Now I have new concerns. When a “brand” or “flag” like Westin or Ritz-Carlton is involved, what value are buyers placing in the name? And what if the brand decides to bail on the project after a few years? (For those who don’t have clarity on this, the “Westin”, “Ritz-Carlton”, or even “Trump” part of these type of offerings is as a licensed operator or name. They have no ownership interest in the property. Their vested interest is rather shallow.) Now with the serious problems of staffing a large, high-level hospitality facility here in Mammoth, and the very low annual and very seasonal occupancy rates, and the overall high costs of doing business here in Mammoth, and a whole bunch of other serious obstacles (especially compared to so many other marketplaces), why would or should they stay? (Simple conjecture on my part, but the subject of Butler’s trial was the Ritz-Carlton Bali, one of the most highly rated and popular hotels in the world. If Ritz-Carlton can’t respect their fiduciary responsibility there, are they really going to care that much about Mammoth?)
And if a significant chunk of the perceived real estate value is in the brand, and the concurrent bundle of marketing, services and training that comes with it, and the brand leaves, how does that impact the value to the individual investor? As Mr. Butler points out, the management agreement can easily add or subtract 25% “and often much more!” to the value. If the Westin leaves, does “The Monache” (named after a tribe of local Indians known as “fly eaters”) inspire you to make a booking or want to own?

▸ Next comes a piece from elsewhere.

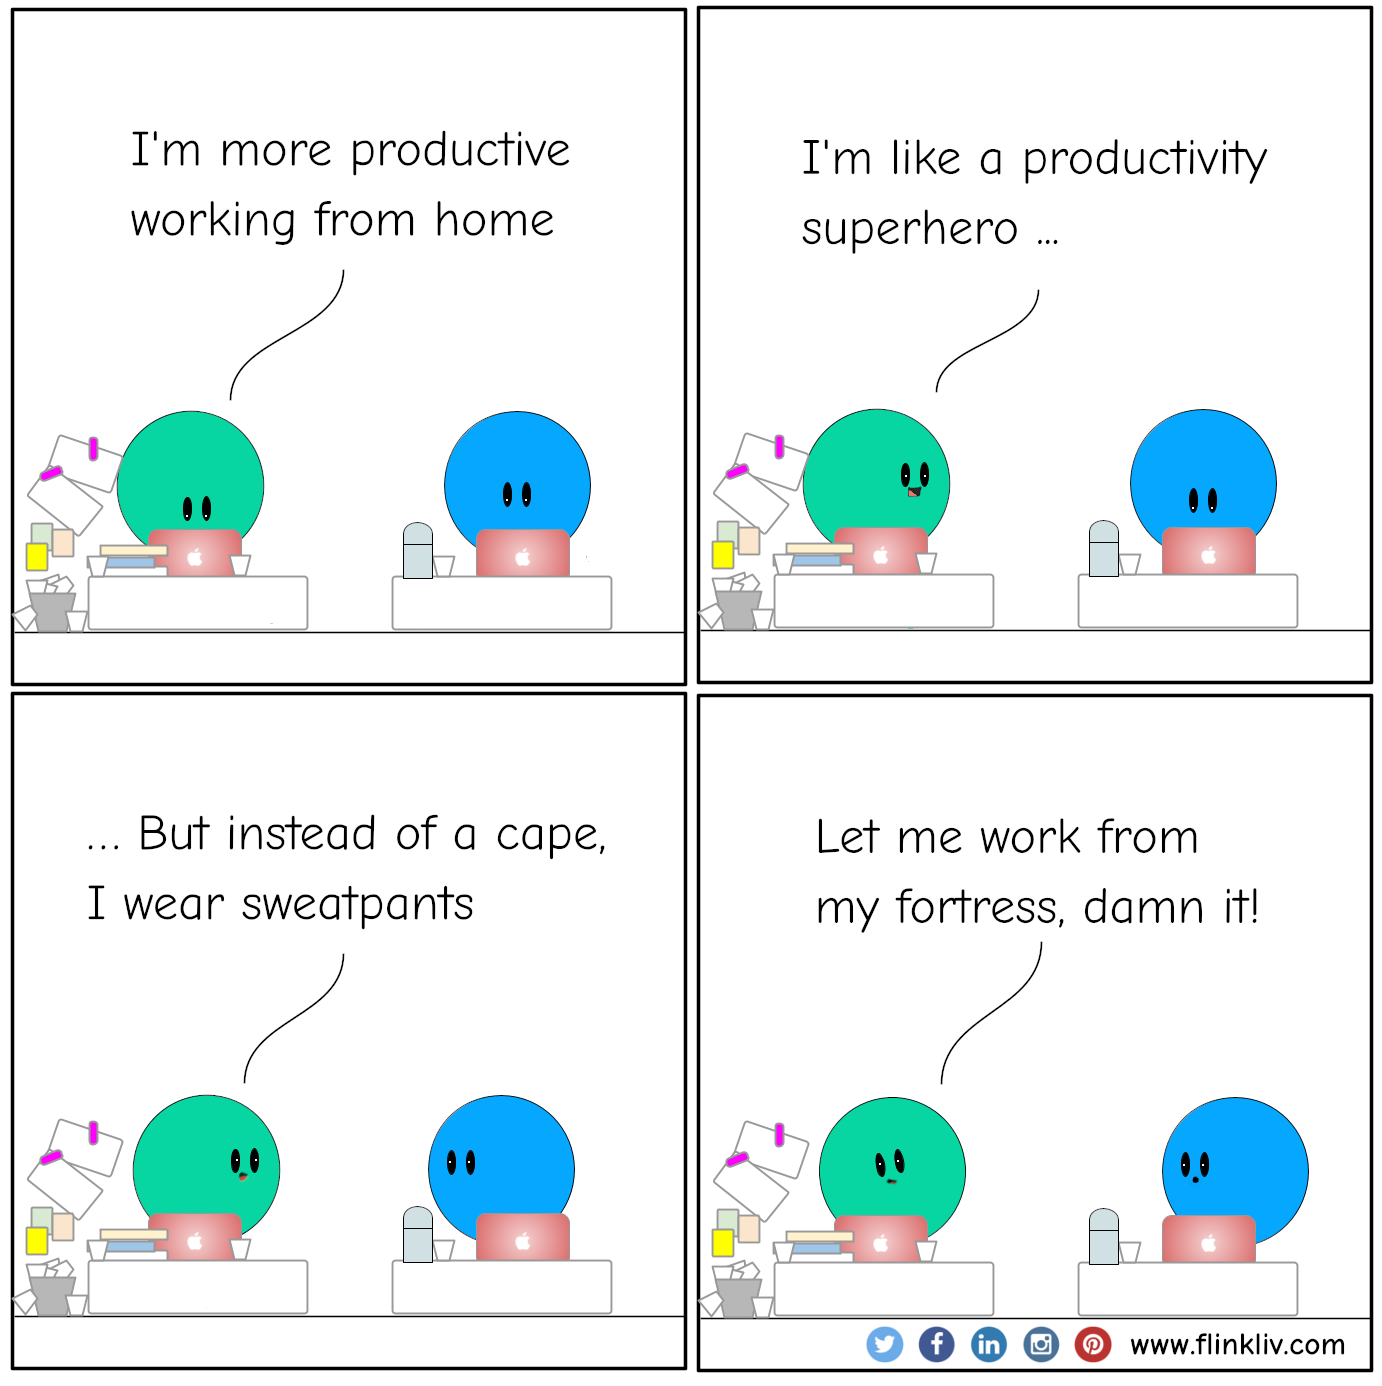 Conversation between A and B about work from home A: I'm more productive working from home. A: I'm like a productivity superhero. A: But instead of a cape, I wear sweatpants A: Let me work from my fortress, damn it! By flinkliv.com

Do any buyers of these condo hotel units ever review the management agreements with these brands or even Mammoth Hospitality?? It’s probably in the 750 pages or so of disclosures the buyer receives and signs off on (at least the original buyers). Do they understand the ramifications if the brand decides to leave? And there are probably tons of “outs” in the management agreement. And would Mr. Butler even understand it all? And does the developer care? They’ll be down the road and protected legally. (Think Intrawest.)
One of my other concerns is how this all applies to condo hotels. In Mr. Butler’s case study there was only one owner––long established, unified, and of one-mind. Condo hotel ownership structure is scattered, disinterested for the most part, and un-unified (and even worse you might have a couple of egomaniac Board members).
But if you have lots of money and don’t care, and if being able to tell people at cocktail parties that you own a “such-and-such”, well then be my guest. Oh, and of course, the Airport will solve all of these problems.